And one of Perronio’s biggest challenges as filming commenced over the summer months of 1981 was maintaining the integrity of the integral pool’s appearance, which had to be ghastly and dirty enough to hide the initial body on the surface and yet clear enough underneath to identify the others as more and more corpses wind up in the water as Rosman, like Clouzot, had a few twists to unravel in his script once the murder and mayhem begins, beginning with the true fate of Mrs. Slater’s baby.
There are plenty of clues her child most likely survived and Mrs. Slater kept him hidden in the attic, which resembles a child’s nursery, Here, evidence shows his name was Eric, and Mrs. Slater’s routine was to let him out of the attic and give him full run of the house during the summer months. And now that this routine has been interrupted? Eek. And eek again. But this still doesn’t answer why she would hide him like that, and keep his existence a secret all these years. Obviously Dr. Beck knows what she’s been up to, right? Then again, maybe he’s the killer out to clean up his mess and keep it all a secret.
And as the party continues around them, Diane is sent to round up Rick’s van while Vicki, Liz and Jeannie throw the body into a wheeled dumpster and start pushing it toward the road and away from the revelers. Only the van isn’t coming as the killer has struck again, skewering Diane with the cane through the sunroof. Meantime, Katie goes to check on Morgan, who was sent to bed after a few belts of liquor to calm her down. But Morgan isn’t there because earlier she’d been drawn onto the balcony by a child’s music box, where she is also run through by the lethal walking stick. And so, after searching the whole house, Katie checks the attic, where we get a good look at the surroundings, including a large harlequin costume hanging on the wall that resembles the figure on the music box bait. She also finds a birthday card signed, To Eric … love, Mother, before Peter blunders in, very drunk, who was looking for her and starts happily playing with all the discarded toys. Before they vacate the loft, they discover a birdcage whose occupant lies crushed on the papers lining the bottom.
Meanwhile, the three girls humping the dumpster down the lane unwittingly smash it right into a campus security car. Jeanie makes a break for it back to the house, but Vicki and Liz remain, make a few lame excuses for what they’re doing, and are nearly undone when the guard wants to know what they’re really hiding in the dumpster until he gets called away to check on a report of a dead body found nearby. After he’s gone, the two girls continue on to the van, figure Diane ran out on them, load up the corpse, and head to the cemetery. Meantime, Jeanie makes it back to the house where she’s attacked by the killer, manages to get away, and finds refuge in the kitchen where she runs into Katie, who promises to go and find help. Left alone, Jeanie arms herself with a butcher knife when she hears someone breaking into the house. The killer then herds her upstairs into the bathroom, where she winds up being stabbed in the neck with her own knife.

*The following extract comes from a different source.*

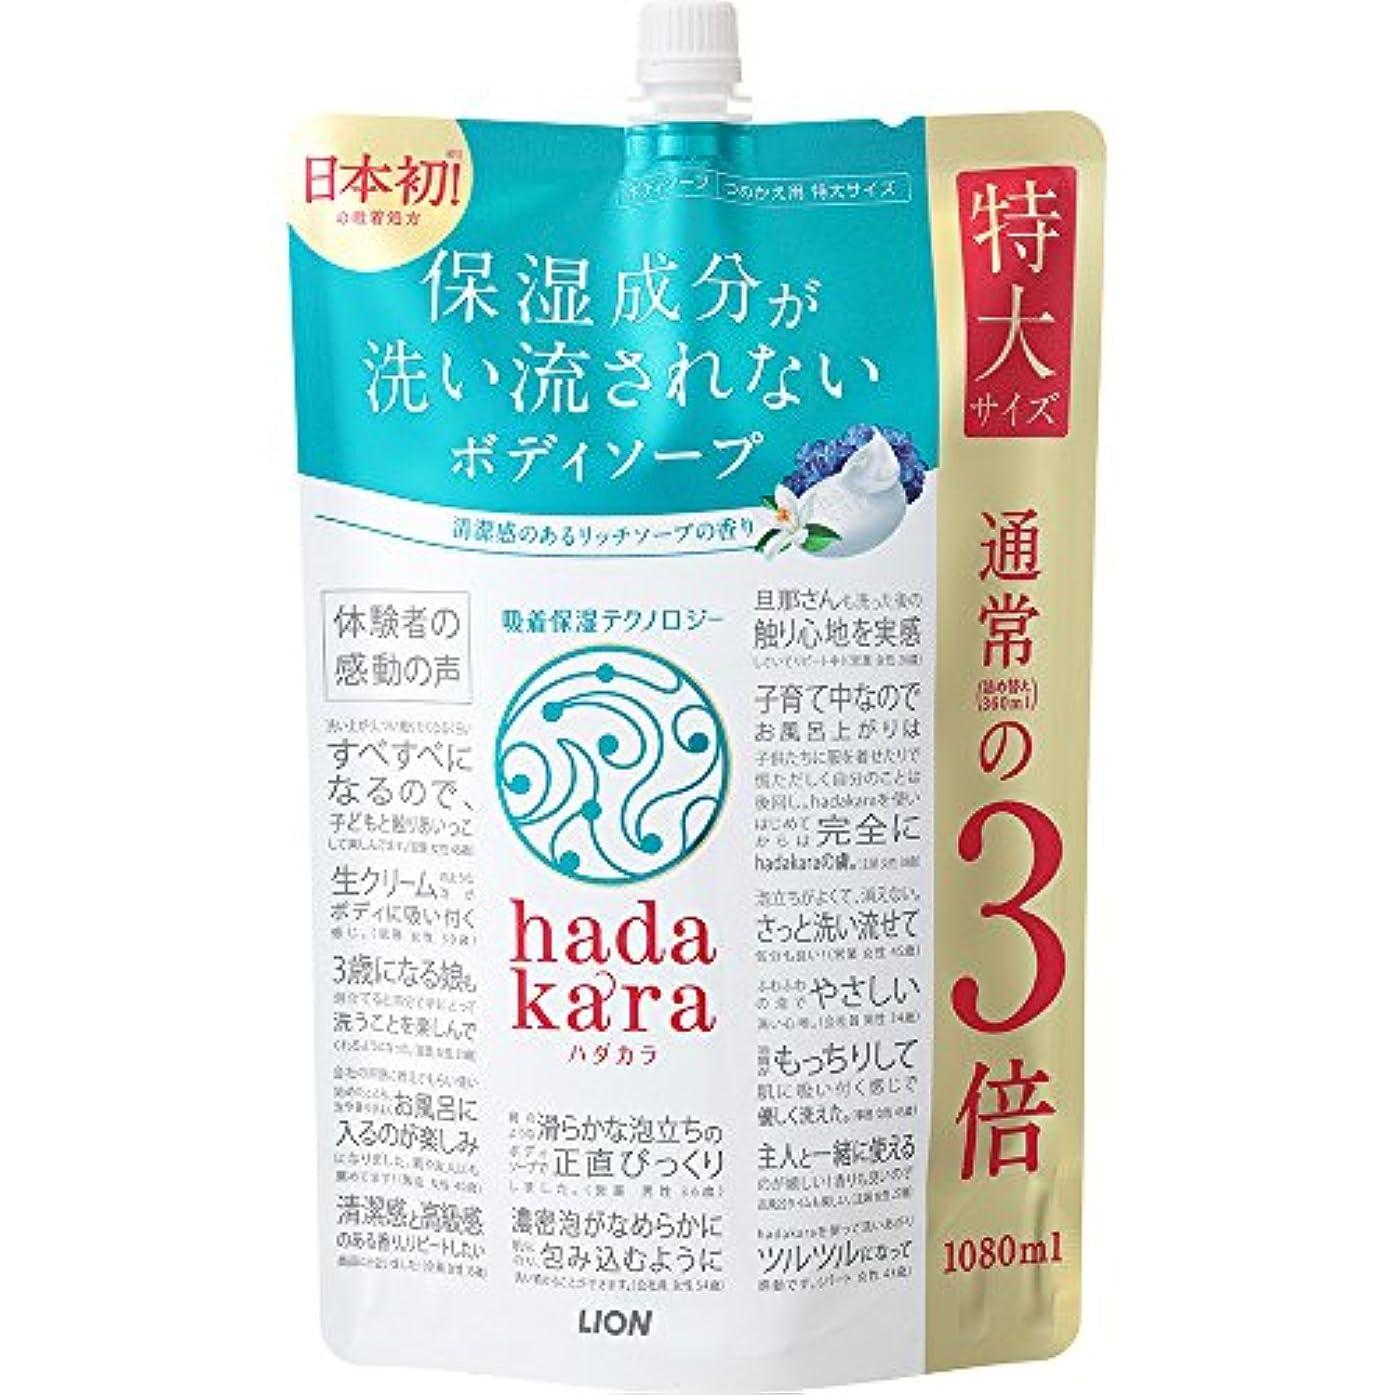 中央値改善リフト【大容量】hadakara(ハダカラ) ボディソープ リッチソープの香り 詰め替え 特大 1080ml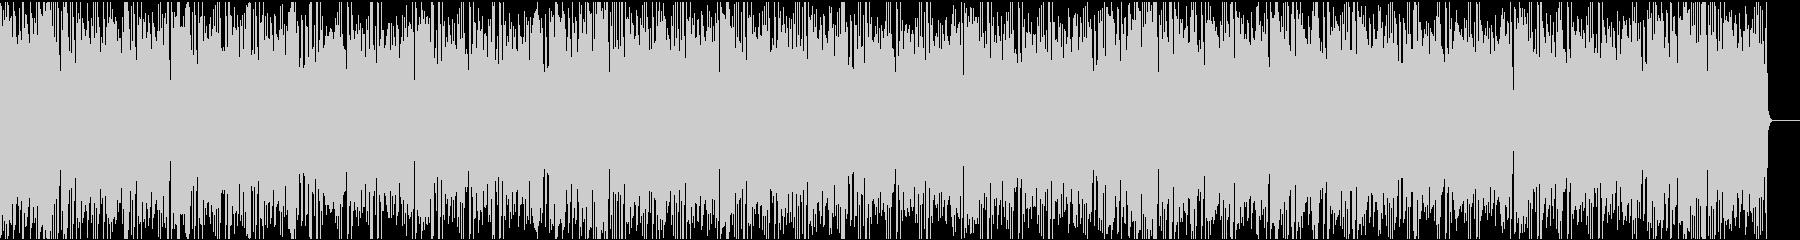 かわいいコミカル/イントロ8秒の未再生の波形

By now, the band is gone, the party is winding down, and most of the guests have cleared out. Katie has rounded up Peter, telling him several of her friends are missing -- and now they can’t find Jeannie. Katie moves to phone the cops, thinks better of it, hangs up, shrugs, and tells Peter they all must have just left the party, which she suggest he does, too. Once he reluctantly leaves, Katie takes a closer look at the bracelet Jeannie pulled off her attacker, which turns out to be a medical alert bracelet with Dr. Beck’s phone number to call in case of an emergency, which this most definitely is. Over the phone, Katie reveals several of her friends are missing and the violent circumstances leading her to call but won’t say where Mrs. Slater is now. And while Katie waits for the arrival of Dr. Beck, Vicki and Liz make it to the cemetery, where they find an open grave. And after the two of them effort to dig it a little deeper to bury the body, Liz moves to bring the van in closer only to get her throat torn open by the killer. And when Vicki comes looking for her and discovers the body, the killer pounces and beats her to death with the cane, which by now has quite a few notches on it.
Back at the house, Katie is showing Dr. Beck what she found in the attic. Seems Mrs. Slater first came to Dr. Beck because of his “fertility experiments” but something went wrong. And ever since, every June 19th, Mrs. Slater celebrated Eric’s birthday as if he was a normal, loving son. But before he reveals anything else, Katie spots something floating in the pool through the window, rushes outside, and sees it’s Diane and Morgan’s dead bodies. After comforting the tearful girl, Dr. Beck phones the police and echoes Katie, who says to go to the cemetery because the killer is most likely after the rest of the conspirators. Then, Dr. Beck drives Katie to the cemetery to meet with the sheriff. Along the way, she confesses the whole thing, thinking Mrs. Slater wasn’t really dead when they put her in the pool and the body they found later was most likely Stevie. And now, a vengeful Mrs. Slater is out to kill them all.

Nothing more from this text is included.